Mining Microdata:

economic opportunity and spatial mobility
in Britain, Canada and The United States, 1850-1911

Supported by

Aims and objectives

The project aims to create representative longitudinal panels of census data in a comparable manner in three countries, and contribute to a long-standing debate on social structure and opportunity in Britain and North America. Given the recent availability of large-scale census databases the challenge now in constructing panel data from censuses is not finding sufficient cases, but ensuring that the panels are representative and unbiased. False links lead to artifactual social mobility, so it is important to ensure high levels of accuracy.
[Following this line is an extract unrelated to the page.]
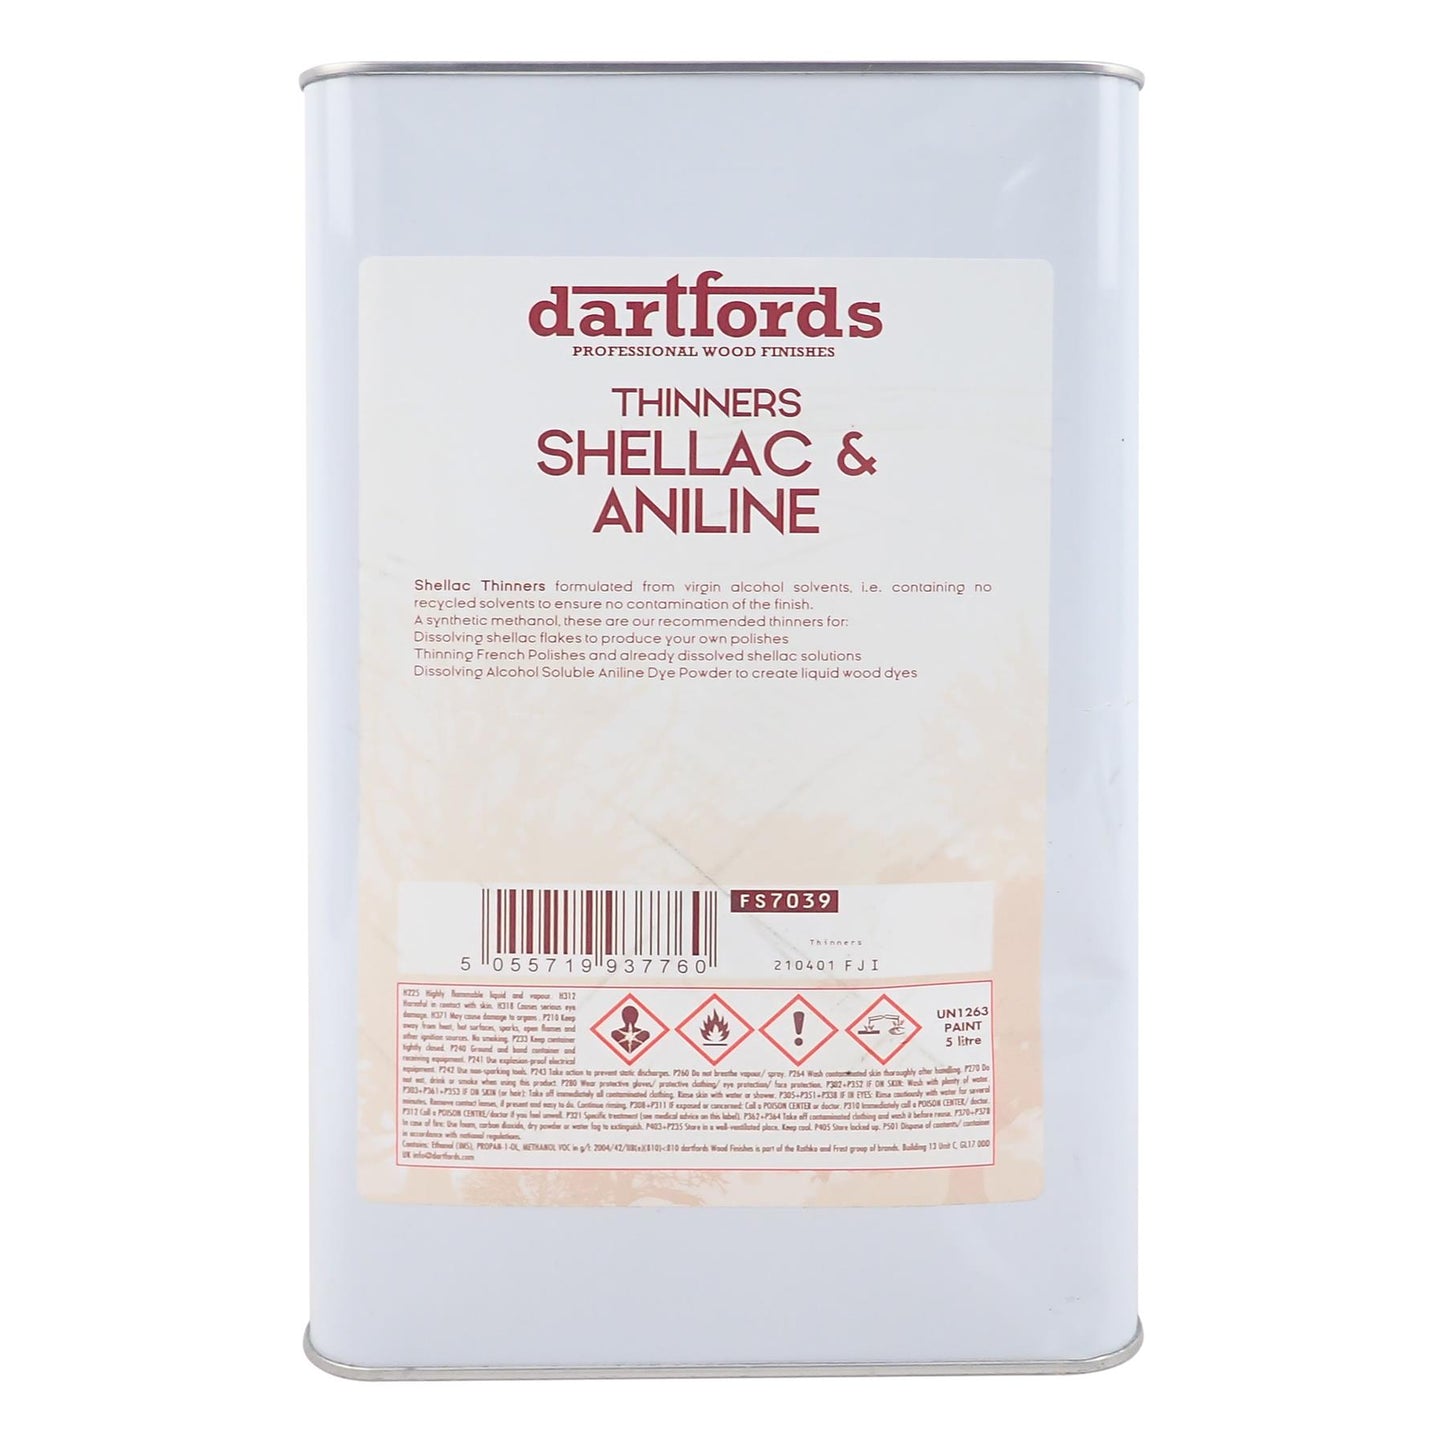 dartfords Shellac and Aniline Thinners - 5 litre Jerrycan

We aim to do this in a similar way across Canada, Great Britain, and the United States taking account of differences in census enumeration methods and questions. We will use the resulting panels of data to measure and compare social mobility between 1850 and 1911.
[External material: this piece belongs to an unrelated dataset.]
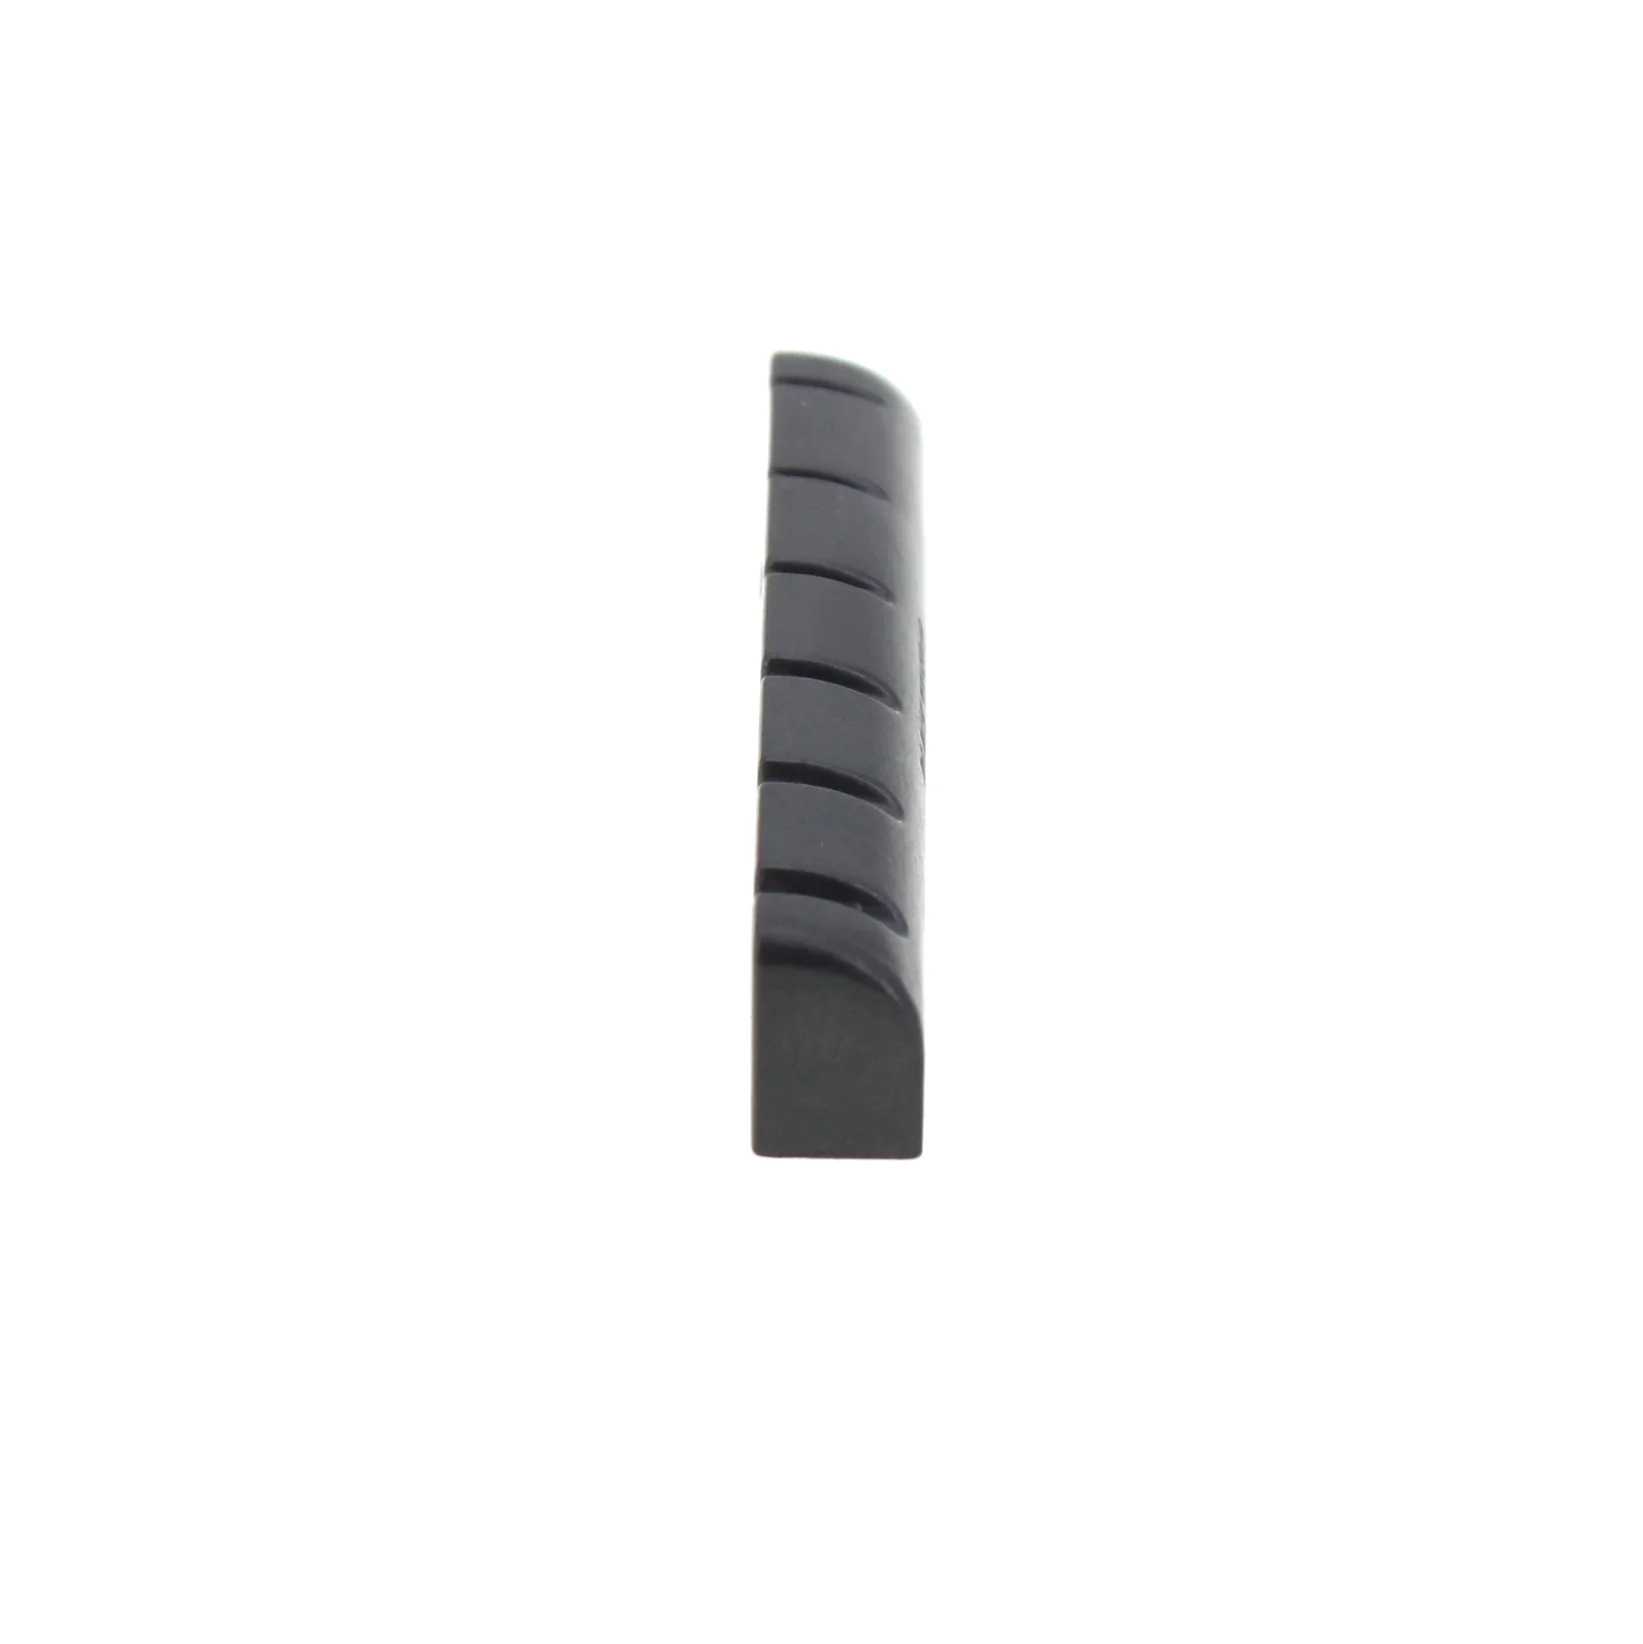 Model 6143-L0 Nut Slotted L43.00mm Lefty (Select Material)

To achieve this aim we need to reach three intermediate objectives

1. Creation of longitudinal panels of men aged 0-15 years old in the initial census in each country for the periods 1850/1 — 1880/1 and 1880/1 — 1910/1, using similar methods in all three countries. While the censuses were conducted in similar ways in all three countries, some differences may affect linkage rates—the proportion of individuals from the initial census linked to the subsequent. The most important differences that might affect the comparability of the samples are the greater precision of birthplace enumeration in Great Britain (parish, compared with province/state in Canada/United States); and the de facto enumeration of people in the British census which enumerated people where they were found on census night, rather than the de jure method of enumeration in Canada and the United States that enumerated people at their permanent residence. The de facto enumeration in Britain may mean that men whose fathers were in occupations more likely to travel away from home are under-represented in the British panel. We will investigate whether there are systematic differences between the countries that may result from this difference in enumeration methods

2. Classification of occupations of fathers and sons into a unified social class schema appropriate for comparison between the three countries. We will start by measuring social class using the widely used Registrar General’s 6-class scale, and the emerging HISCLASS schema, based on the HISCO occupational classification system.

3. Modelling of occupational transitions between generations in a comparable way in each of the three countries. The occupational distribution of the three countries was both different and changing. We will use methods that adjust for these differences over time and space.